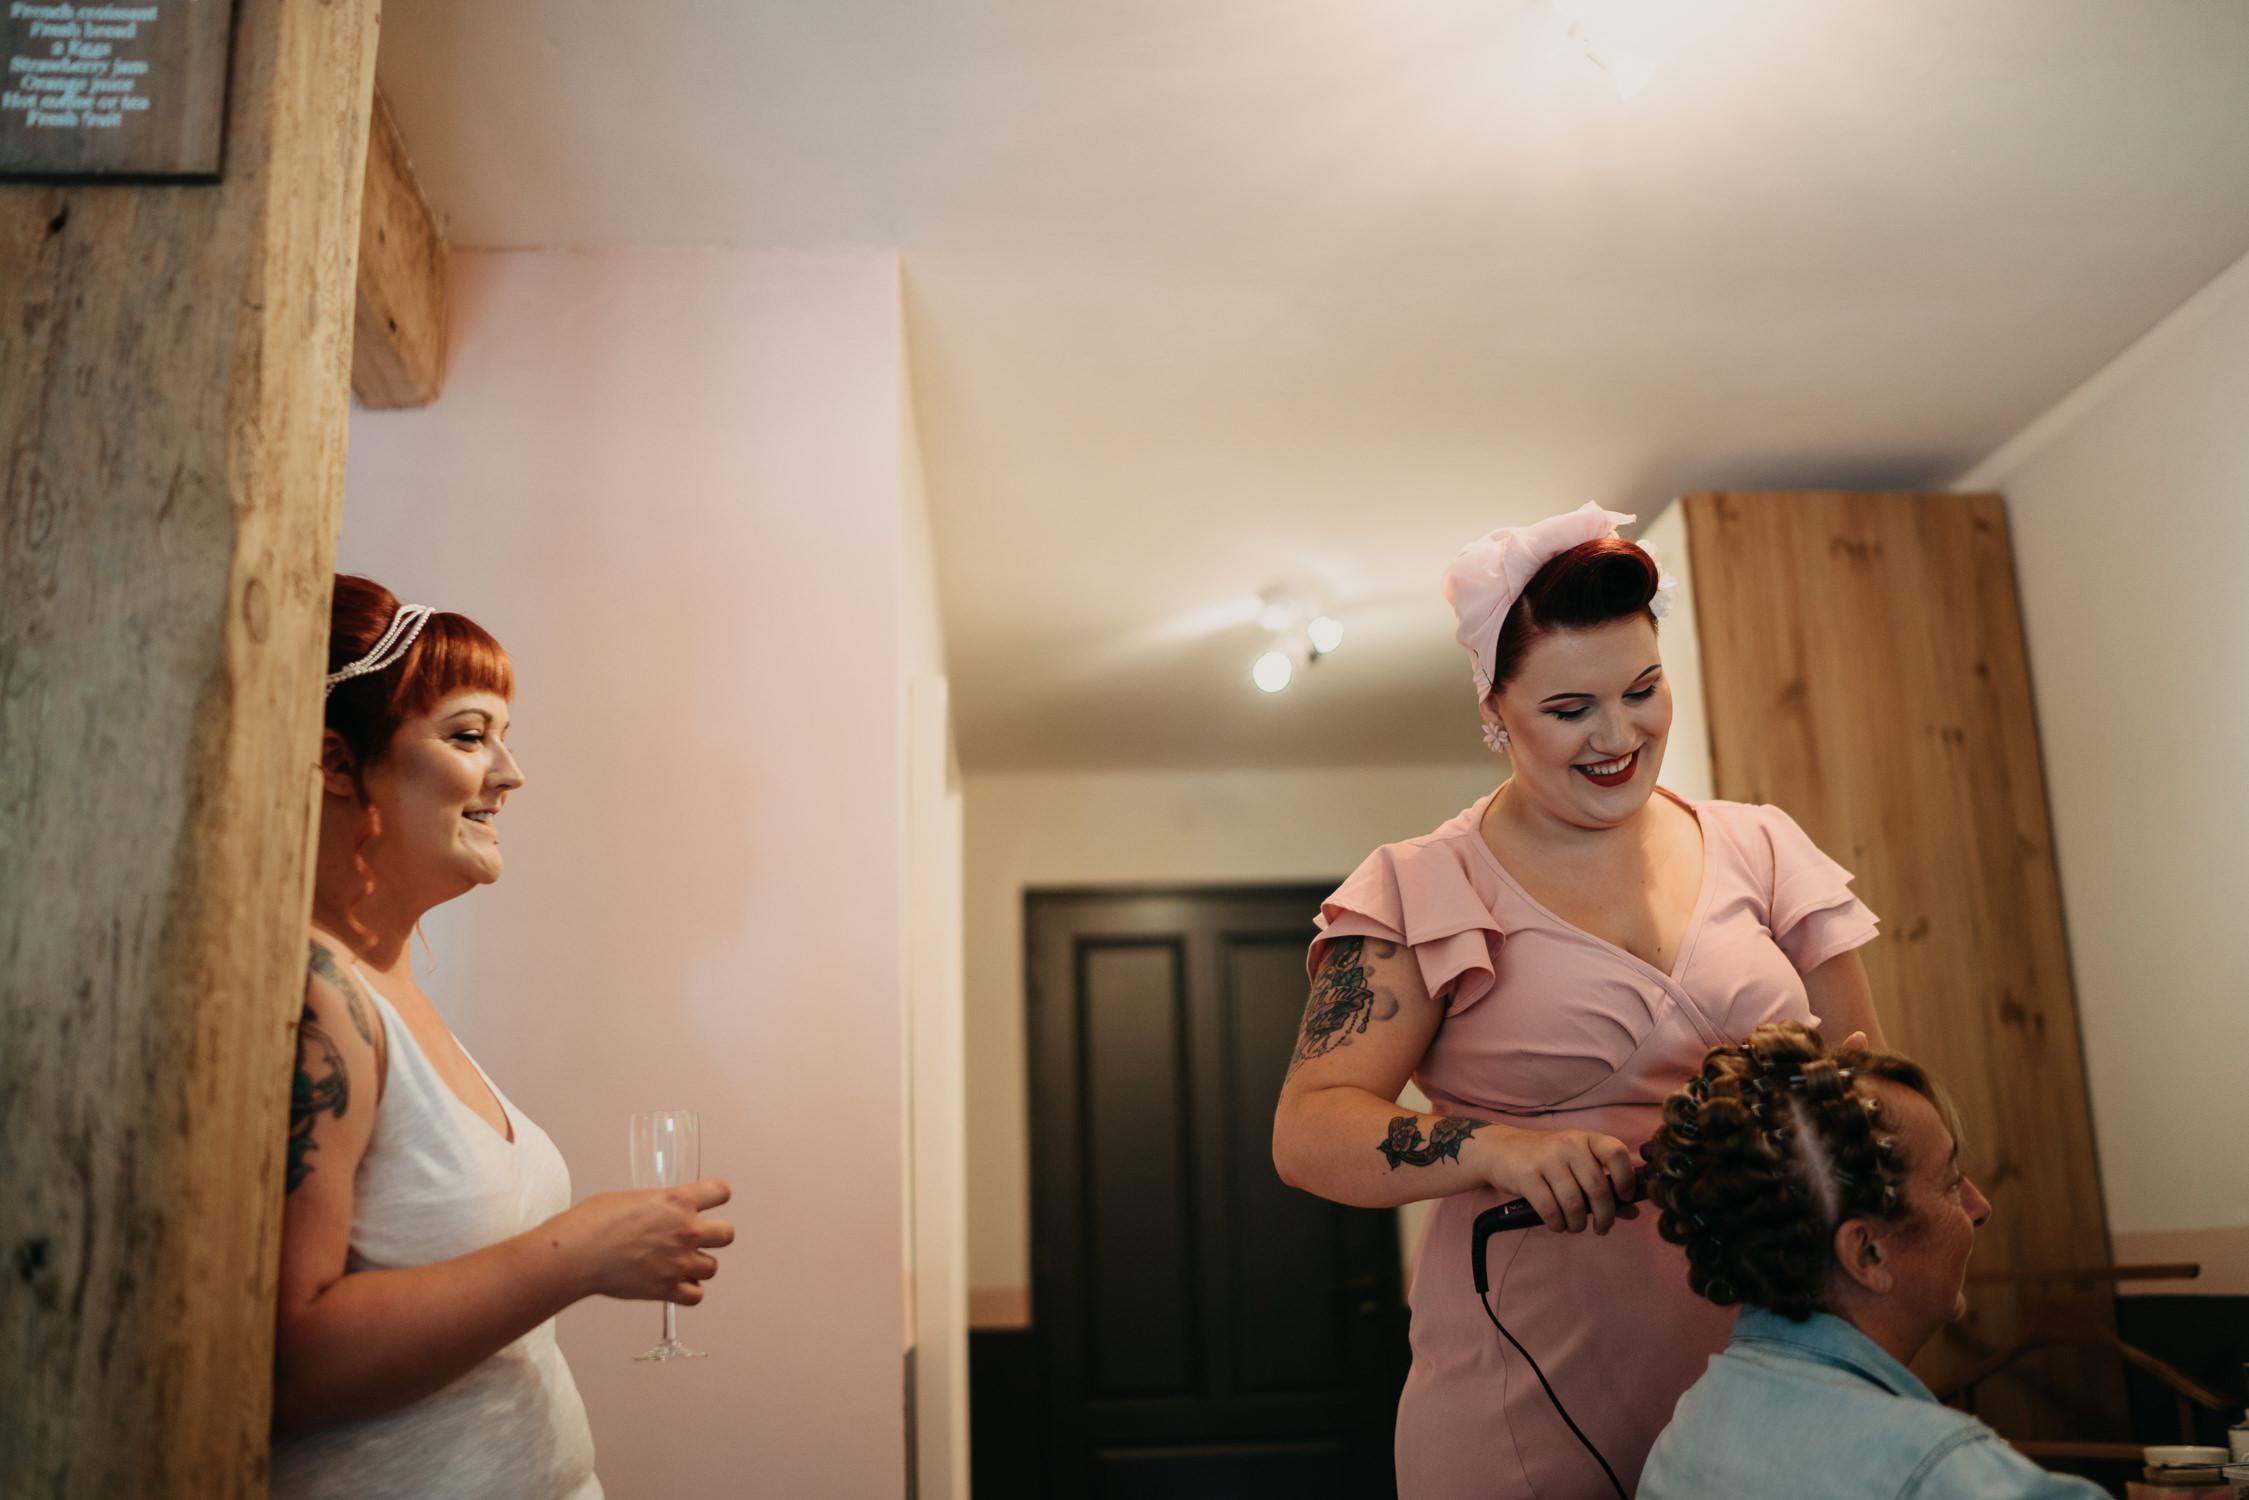 amsterdam-wedding-photographer-bruidsfotografie-trouwfotograaf-mark-hadden-Lucie-Luuk-024.jpg
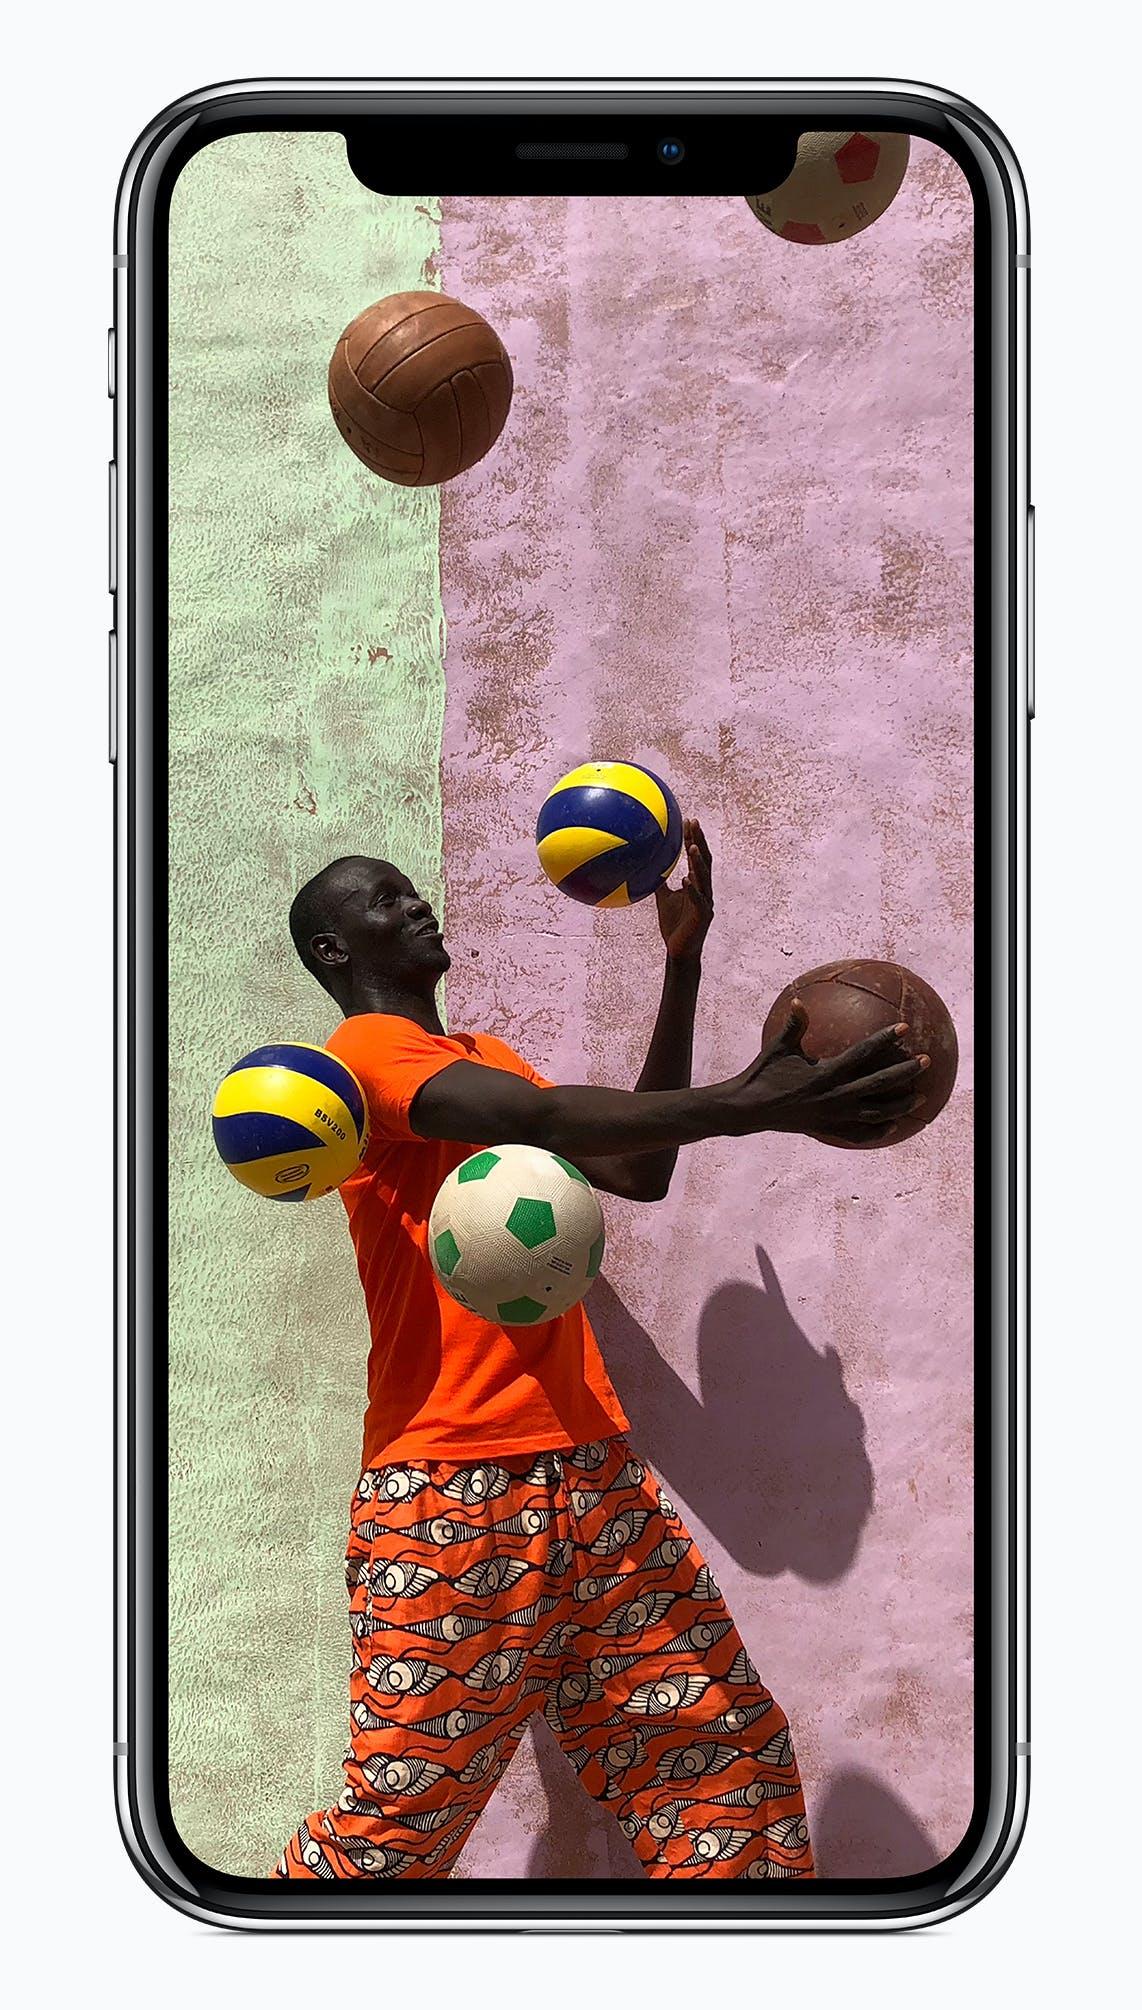 iOS, iPhone, iPhone X., 手機 的 免費圖庫相片
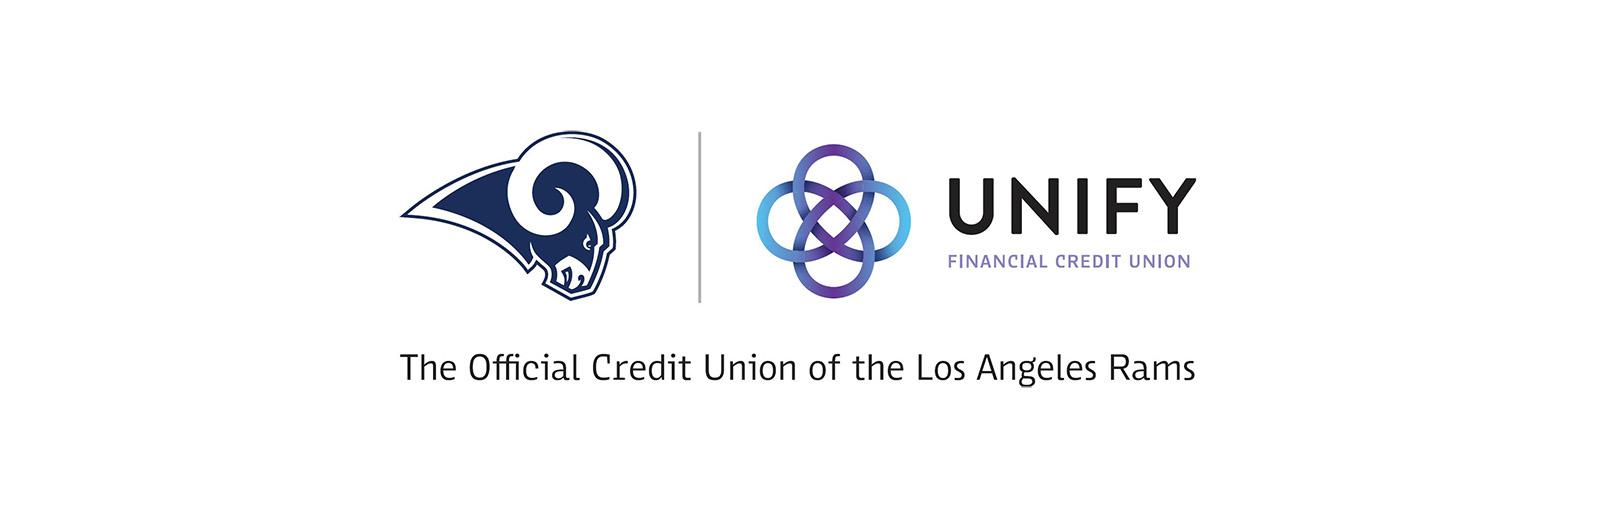 unify logo.JPG

■ WHAT YOU ARE ASKED TO DO: Each line of the data above is to be output exactly; the pictures are not to appear.

■ WRITTEN SOLUTION:
 amsterdam-wedding-photographer-bruidsfotografie-trouwfotograaf-mark-hadden-Lucie-Luuk-024.jpg
 iOS, iPhone, iPhone X., 手機 的 免費圖庫相片
 unify logo.JPG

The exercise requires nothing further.